-- Data provided follows --

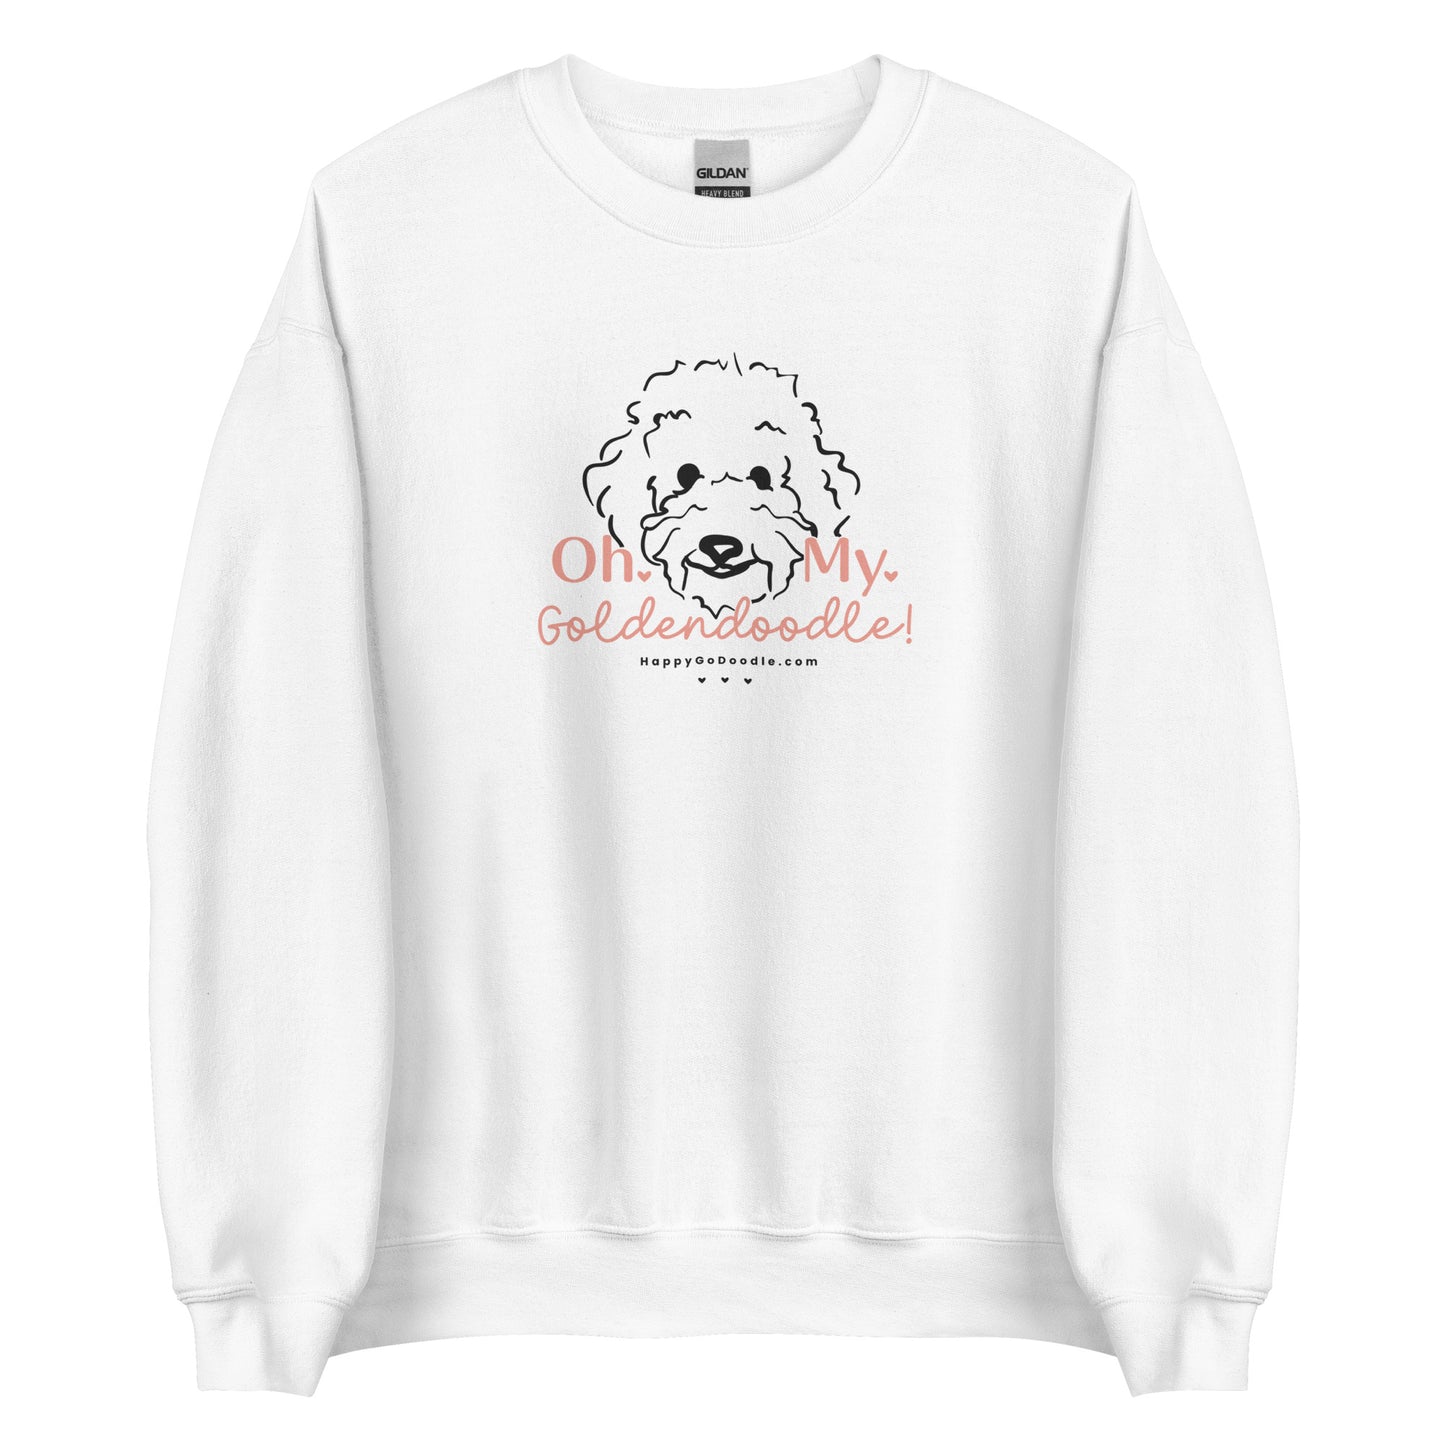 Goldendoodle crew neck sweatshirt with Goldendoodle face and words "Oh My Goldendoodle" in white
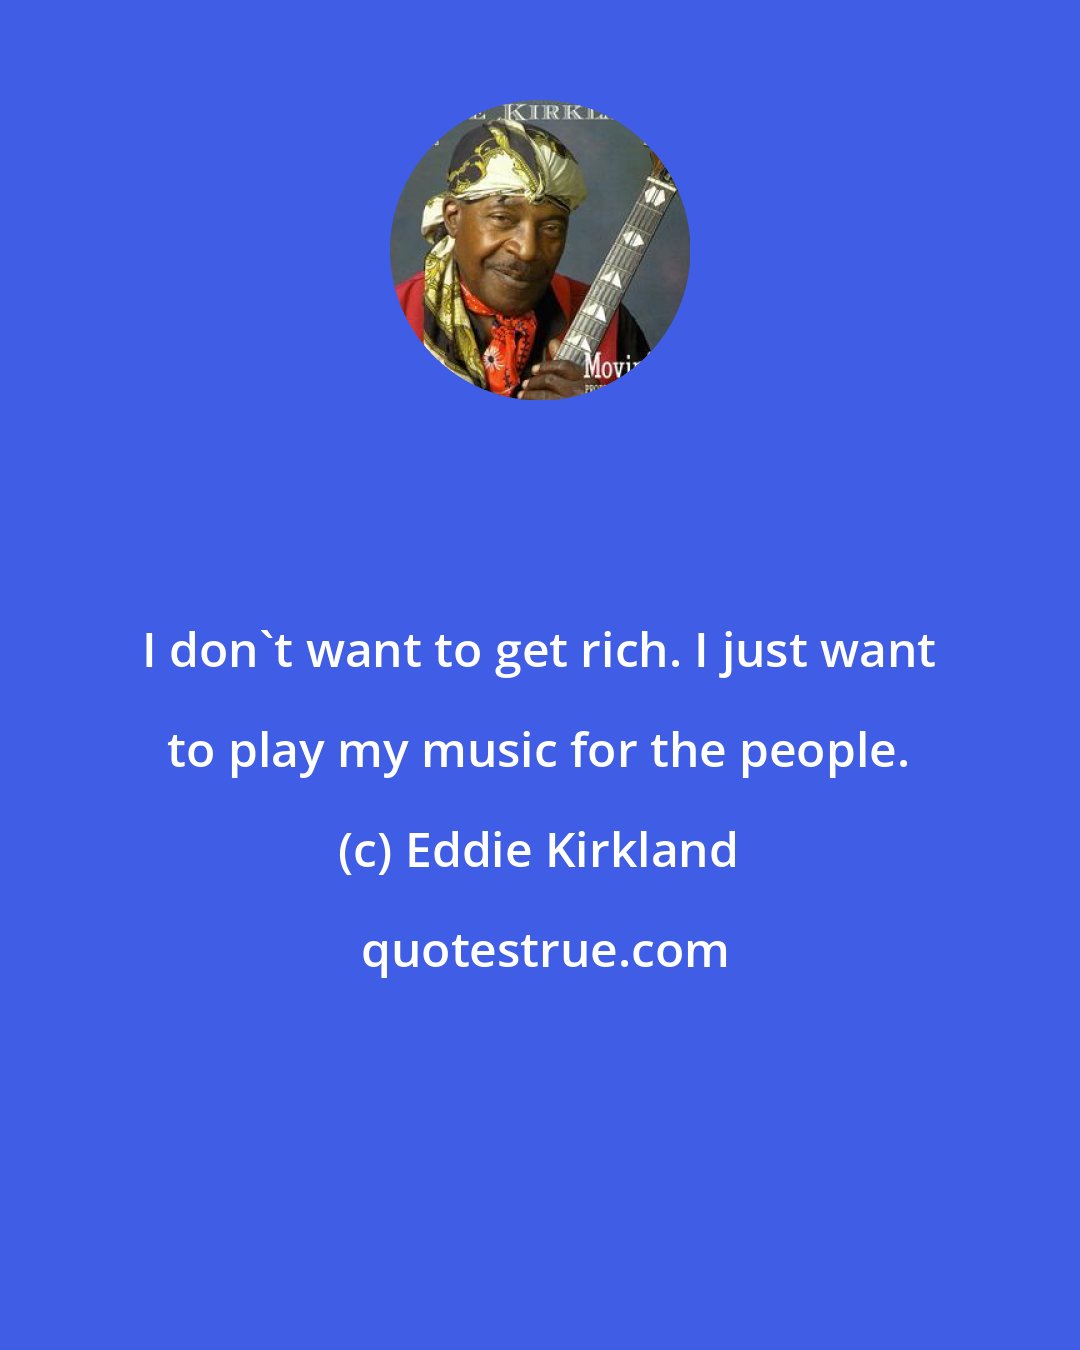 Eddie Kirkland: I don't want to get rich. I just want to play my music for the people.
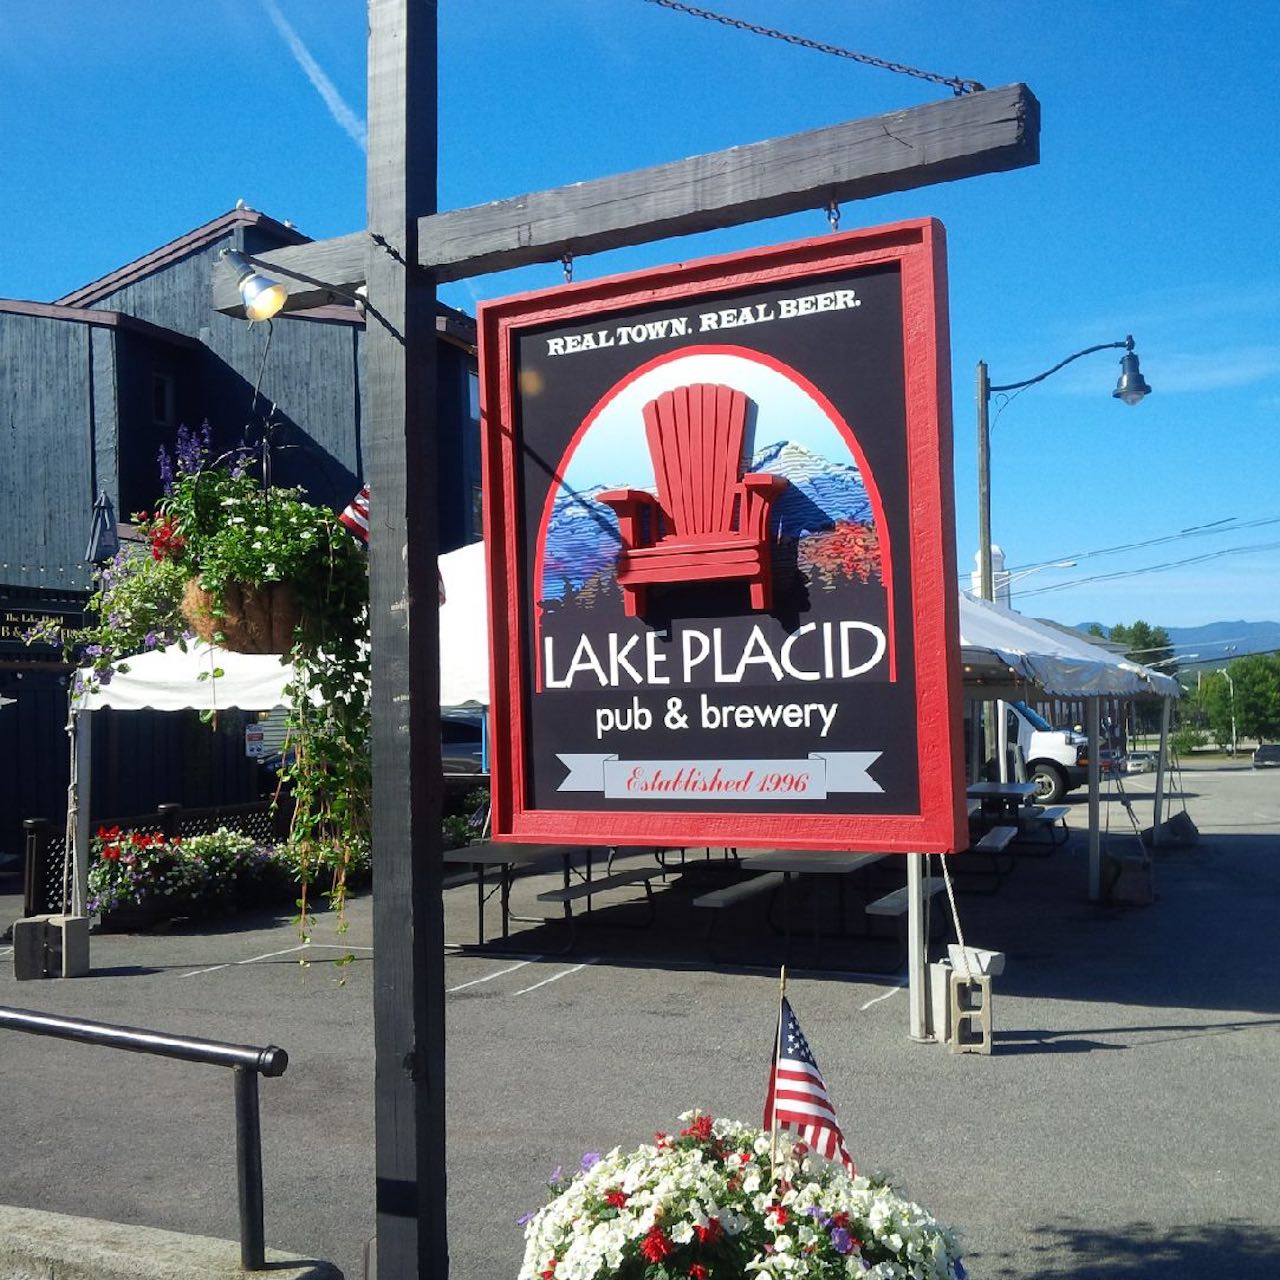 Lake Placid Pub & Brewery don't re use

-- Data provided concluded --

__Task to carry out__: Write the material out again exactly. Do not include the pictures.

__Answer box__:
 Goldendoodle crew neck sweatshirt with Goldendoodle face and words "Oh My Goldendoodle" in white
 Eddie Kirkland: I don't want to get rich. I just want to play my music for the people.
 Lake Placid Pub & Brewery don't re use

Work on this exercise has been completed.